A global, organized animal movement to eradicate the species which is destroying the earth is a premise more worthy of a Syfy movie than a CBS series, but I was starting to get over that by the end of "First Blood."



Spoiler



Lions walking in line to hide their numbers? Lions leaving a victim injured but alive in a vehicle to lure more victims? Lions knowing that damaging a vehicle's radiator would eventually enable them to catch up to their prey? Just how bright are these big cats?



OK, I can accept animals somehow being in telepathic touch to get the job done. I can't help but think that something or someone, possibly a misanthropic human, is calling the shots. Without a leader, most groups, animal or other, are generally just a collection of opinions.

This TV adaptation of James Patterson's best-selling science fiction thriller got off to a slow start, but that's not unusual for a series opener. It seemed to gaining momentum by the end.
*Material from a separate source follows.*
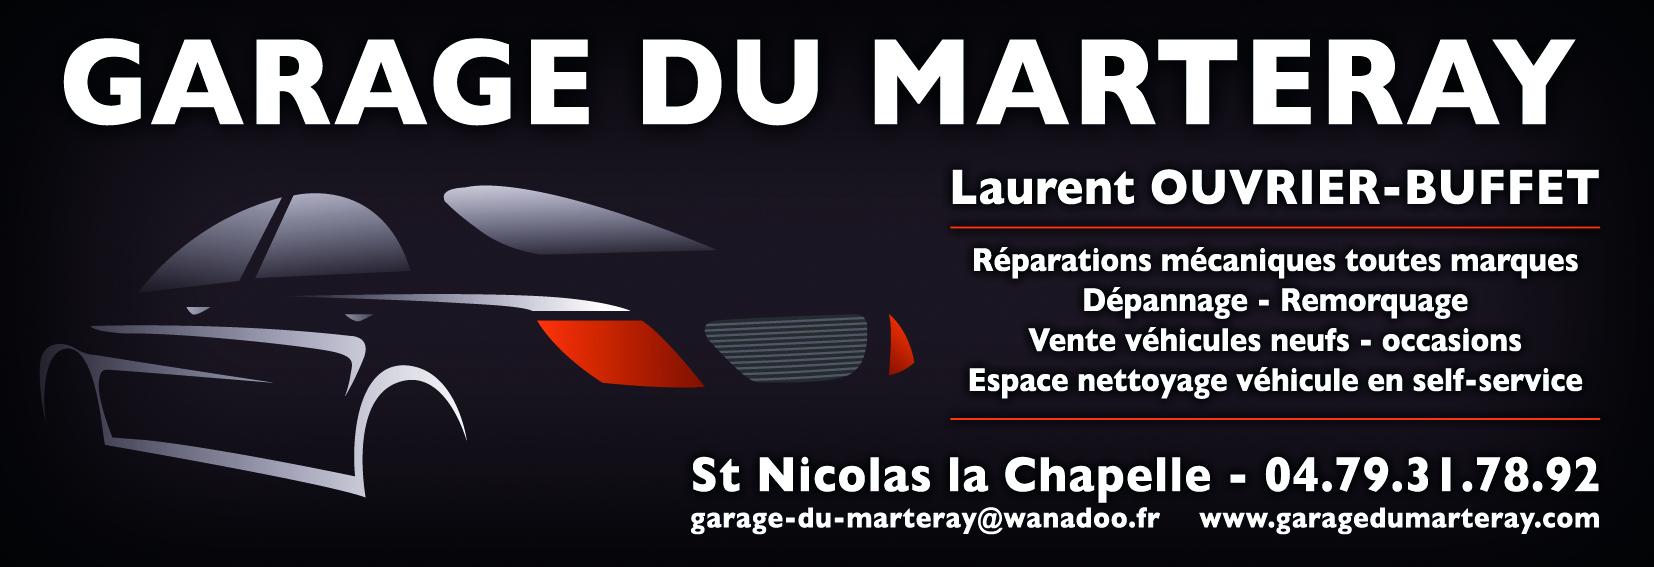 garage marteray.jpg

I want to see if it continues to pick up speed, as well as credence, in the next episode or two.


----------



## The Bluestocking (Jul 3, 2015)

I watched the first episode and thought: "Meh."


----------



## Dave (Jul 3, 2015)

The premise sounds absolutely dreadful; something like the film _Cats and Dogs_ but for adults. I would hope that the execution of the idea is a little better, but as REBerg said, you need leaders to be successful. A movement against humans in general just isn't going to work, otherwise "Lions, Tigers and Bears" would have already eaten up all the humans. Dolphins with guns and spy tech is just going to be childish.


----------



## BAYLOR (Jul 3, 2015)

It sounds like  1977 film *Day of The Animals  *.


----------



## Warren_Paul (Jul 7, 2015)

It didn't catch my interest. I started watching, then ended up skipping through the first episode and felt the overall production value quite weak and the plot rather forced.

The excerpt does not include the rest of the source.